7. The method of claim 1, wherein the environmental feedback comprises measurements extracted by the reinforcement learning agent from data packets sent within the data transmission network.

8. The method of claim 7, wherein the measurement comprises a status value indicating a speed at which data is currently being transmitted within the transport network.

9. The method of claim 7, wherein the measurements comprise statistics derived from signals implemented within the data transport network, the statistics comprising one or more of delay measurements, congestion notification packets, and transmission rates.

10. The method of claim 1, wherein the data transmission network comprises a distributed computing environment for performing ray tracing calculations.

11. The method of claim 1, wherein a granularity of adjustments made by the reinforcement learning agent is adjusted during training of a neural network included in the reinforcement learning agent.

12. The method of claim 1, further comprising receiving, by the reinforcement learning agent, additional environmental feedback, and performing additional adjustments based on the additional environmental feedback.

13. The method of claim 1, wherein the environmental feedback comprises a signal from an environment, or an estimate thereof, or a prediction of the environment.

14. The method of claim 1, wherein the reinforcement learning agent learns a congestion control policy and modifies the congestion control policy in response to observed data.

15. A non-transitory computer-readable medium storing computer instructions that, when executed by one or more processors of a device, cause the one or more processors to perform a method comprising:

16. The non-transitory computer-readable medium of claim 15, wherein the reinforcement learning agent comprises a trained neural network that takes the environmental feedback as input and output adjustments to one or more of the plurality of data streams to be made based on the environmental feedback.

17. A method comprising, at a device:

training a reinforcement learning agent to perform congestion control within a predetermined data transmission network using the input state and the reward value; and

deploying a trained reinforcement learning agent within the predetermined data transmission network.
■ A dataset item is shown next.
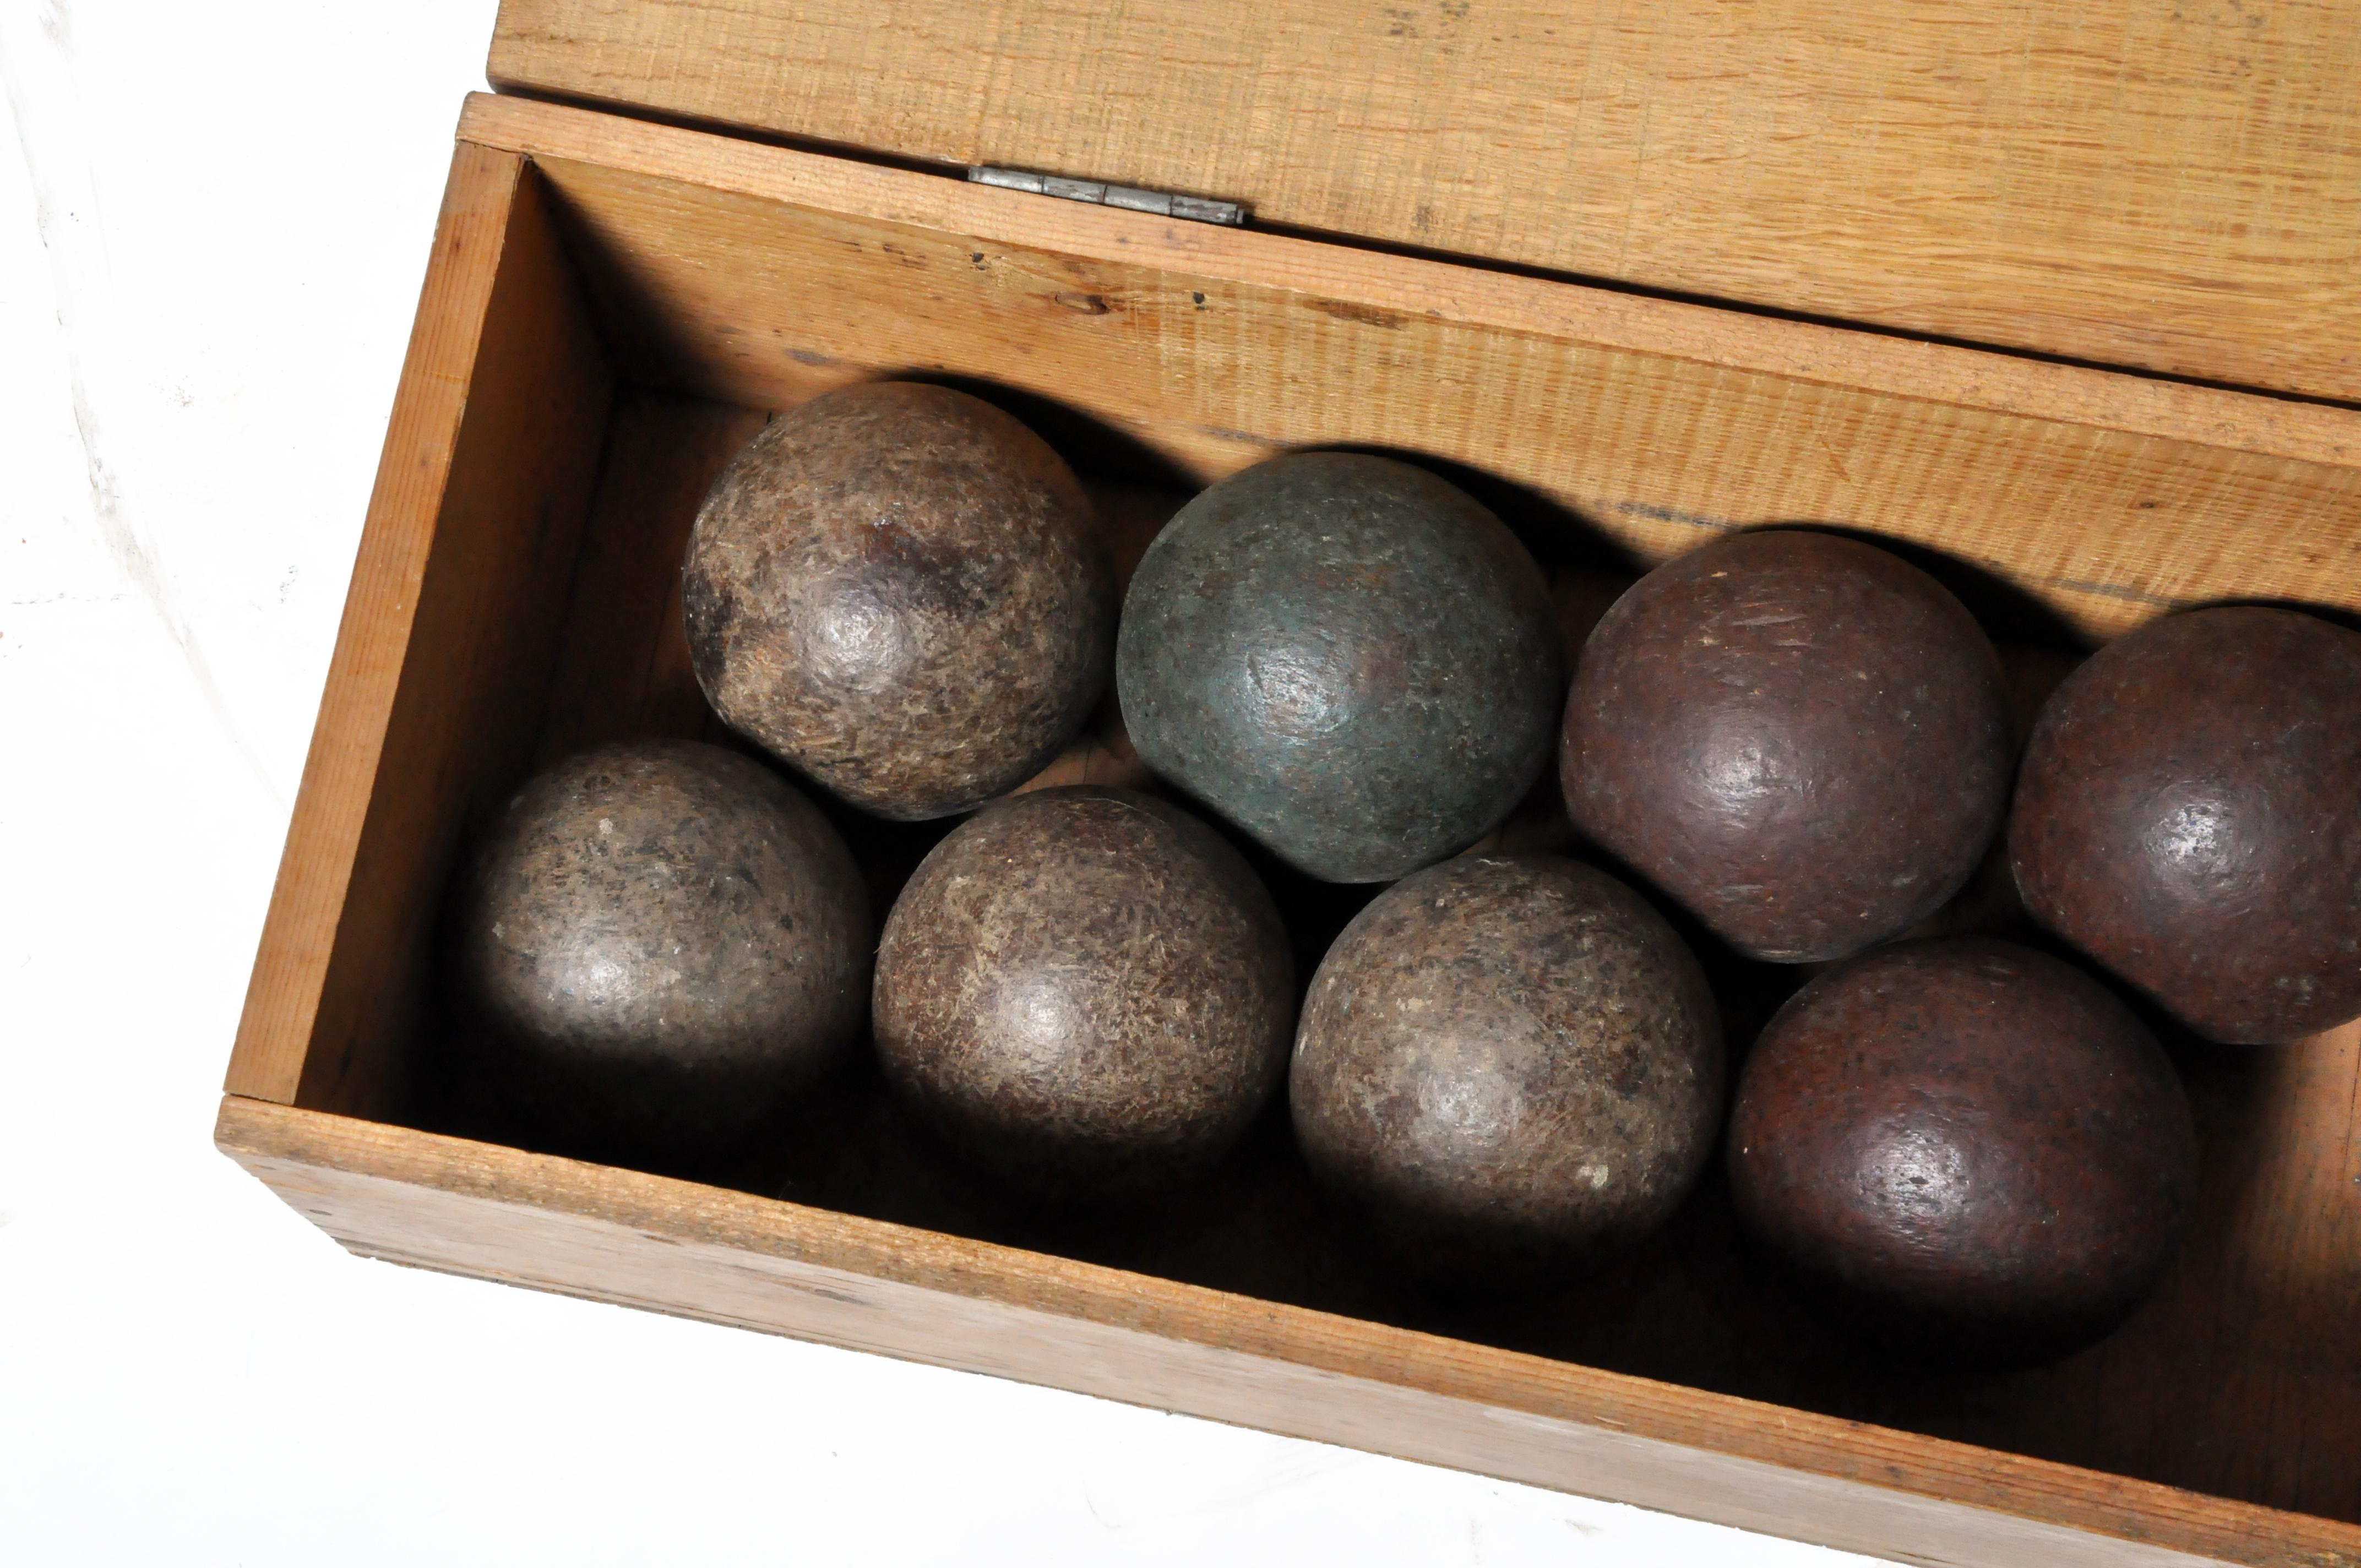 This set of 13 bocce balls a wooden box was acquired in France and most likely dates to the late 20th century. Box is included. Wear consistent with age and use.
 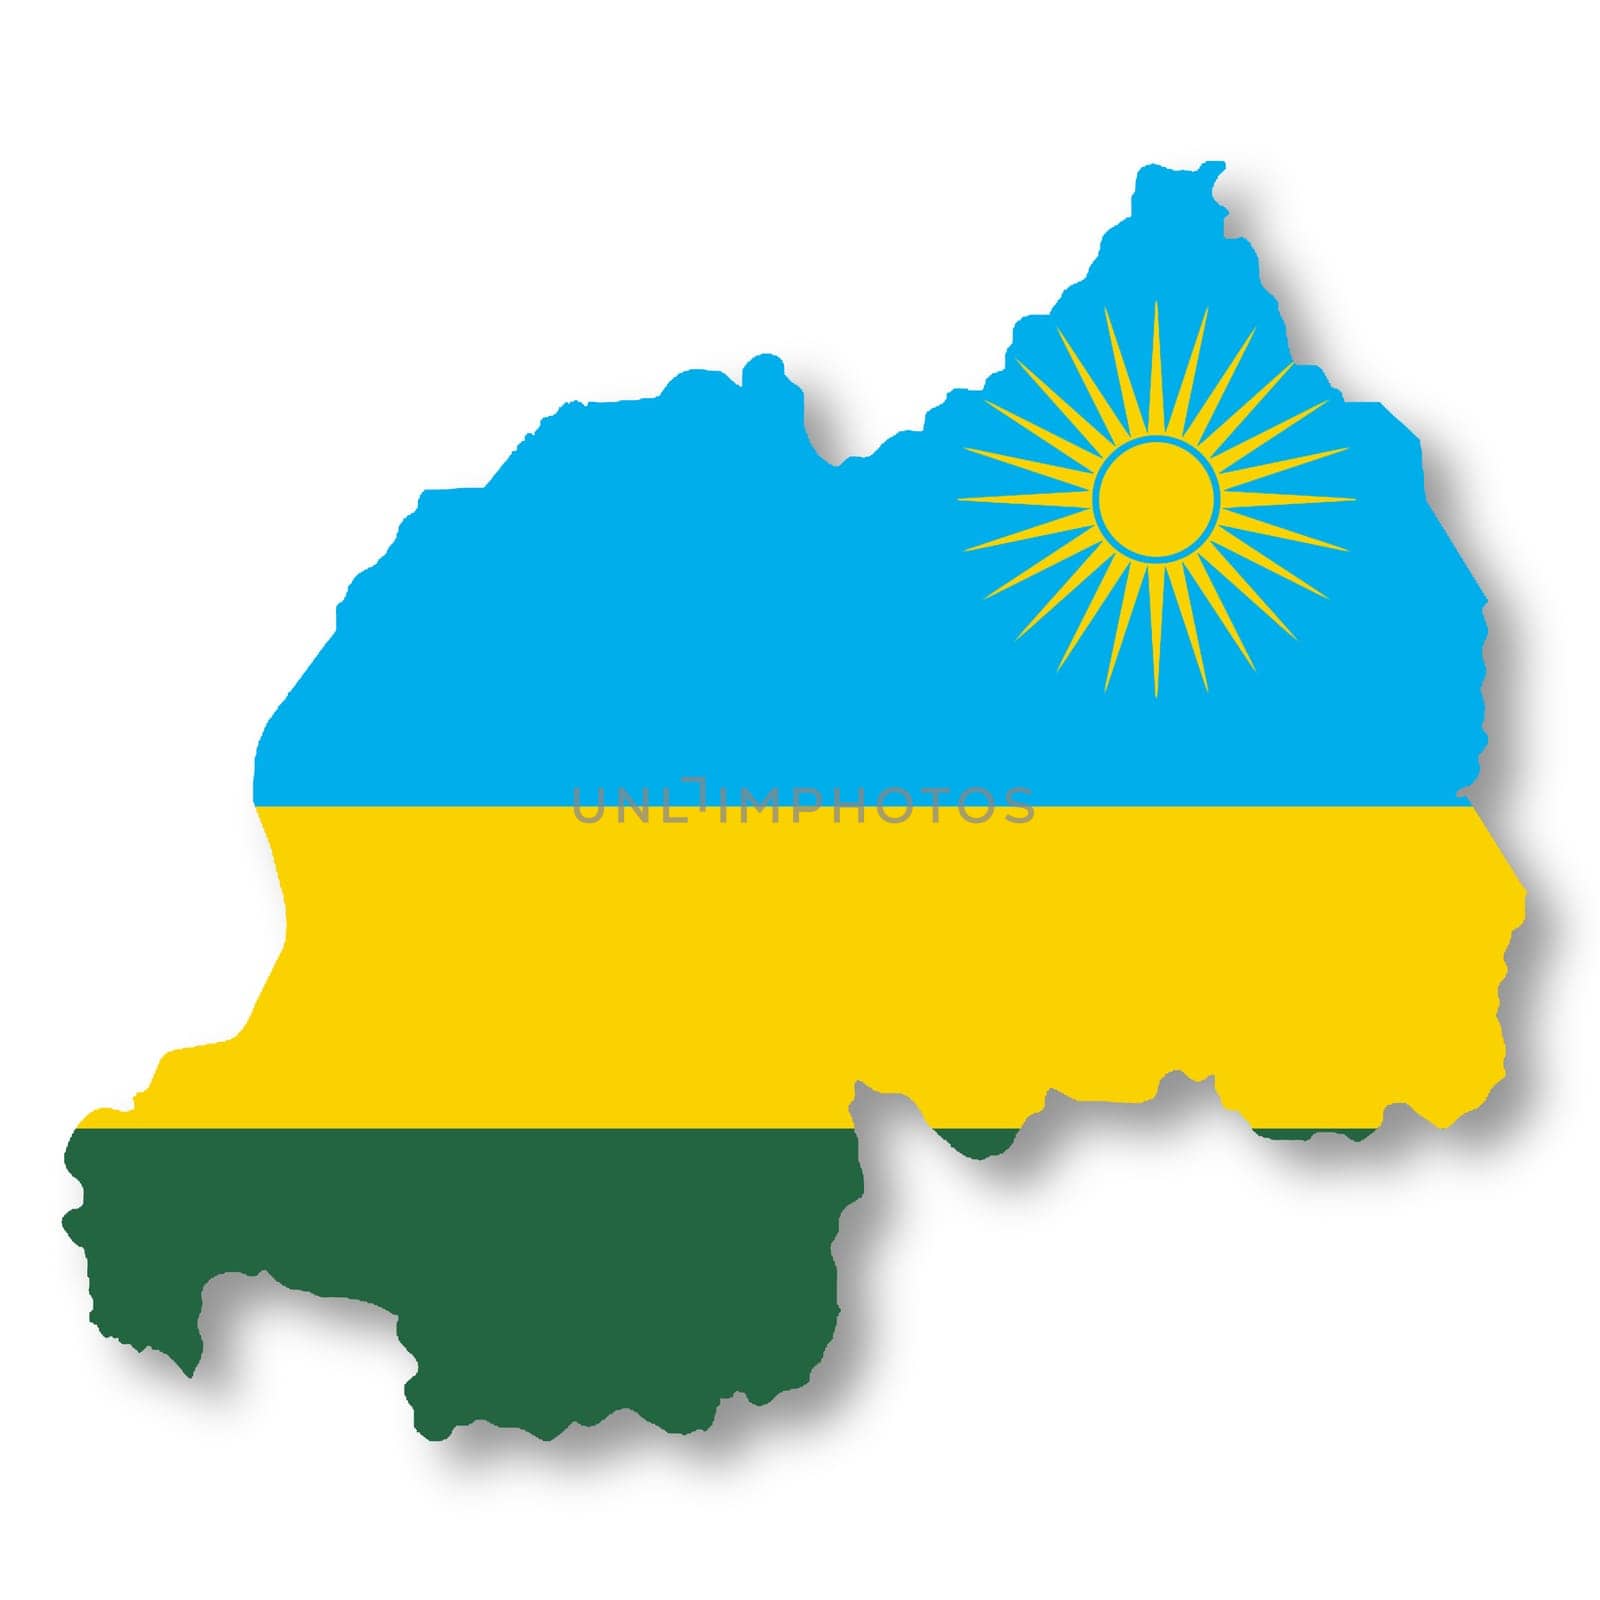 A Rwanda flag map on white background with clipping path

18. The method of claim 17, wherein the reinforcement learning agent comprises a neural network.

19. The method of claim 17, wherein the input status value indicates a speed at which data is currently being transmitted within the data transmission network.

20. The method of claim 17, wherein the reward value corresponds to an equivalent value of the rates of all transmitted data streams and avoidance of congestion.

21. The method of claim 17, wherein the reinforcement learning agent is trained using memory.

22. An apparatus, comprising:

a processor of a device configured to execute software implementing a reinforcement learning algorithm;

extracting logic within the network interface controller NIC transmit and/or receive pipe configured to extract network environment parameters from received and/or transmitted traffic; and

a scheduler configured to limit a rate of transmission traffic of a plurality of data flows within the data transmission network.

23. The apparatus of claim 22, wherein the extraction logic presents the extracted environmental parameters to the software running on the processor.

24. The apparatus of claim 22, wherein the scheduler configuration is controlled by software running on the processor.